Algún día, posiblemente, se hable con toda valentía de la corrupción del periodismo, desde el miserable sobre de 20.000 pesetas o la caja de vino con tarjeta de banquero a ese ordenador último modelo, o el sueldo extra fijo y seguro que sobrepasa holgadamente al de la nómina oficial. Y sabrán los sufridos lectores por qué hay silencios y lo que vale la simple palmadita en la espalda, la comparecencia en una tertulia o un programita en algún medio oficial o privado.

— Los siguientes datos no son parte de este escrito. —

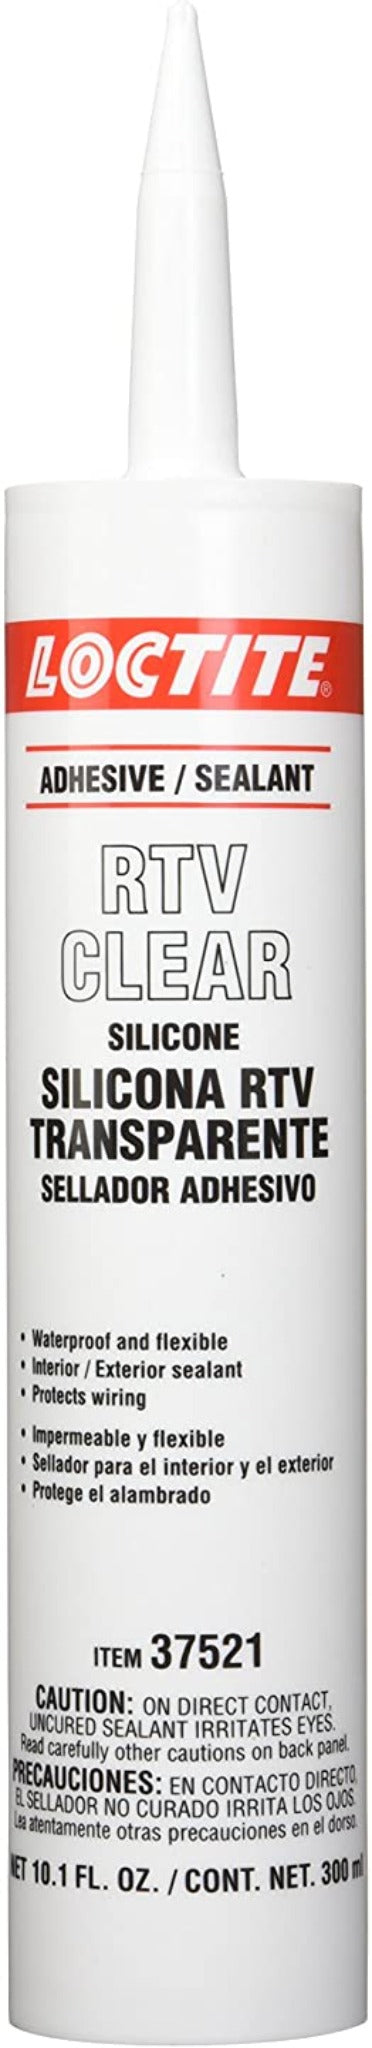 Loctite RTV Clear Silicone Adhesive/Sealant, 300 ml

Y tal vez hay que hablar -y no sería malo que se supiera- de los extraños contubernios económicos que sustentan periódicos o revistas, o emisoras, que explicarían por sí mismos algunos contenidos y actitudes de los medios de comunicación. Siempre los periodistas jugarían con la ventaja de tener un acceso privilegiado a la información. Y tendrán, sobre todo, la posibilidad de utilizarla.
Un viejo maestro en este bello oficio me decía hace ya muchos años que el periodista tenía que ser humilde y esconderse detrás de su noticia. Luego vino lo de poner la foto al lado de los editoriales. Y eso, la verdad., ha cambiado mucho este oficio.
En una redacción, en el sitio de honor, vi una vez aquella vieja broma: "No digas a mi madre que soy periodista, la pobre cree que soy pianista en un prostíbulo".
Lo que ocurre es que la mayoría de nosotros no sabemos tocar el piano.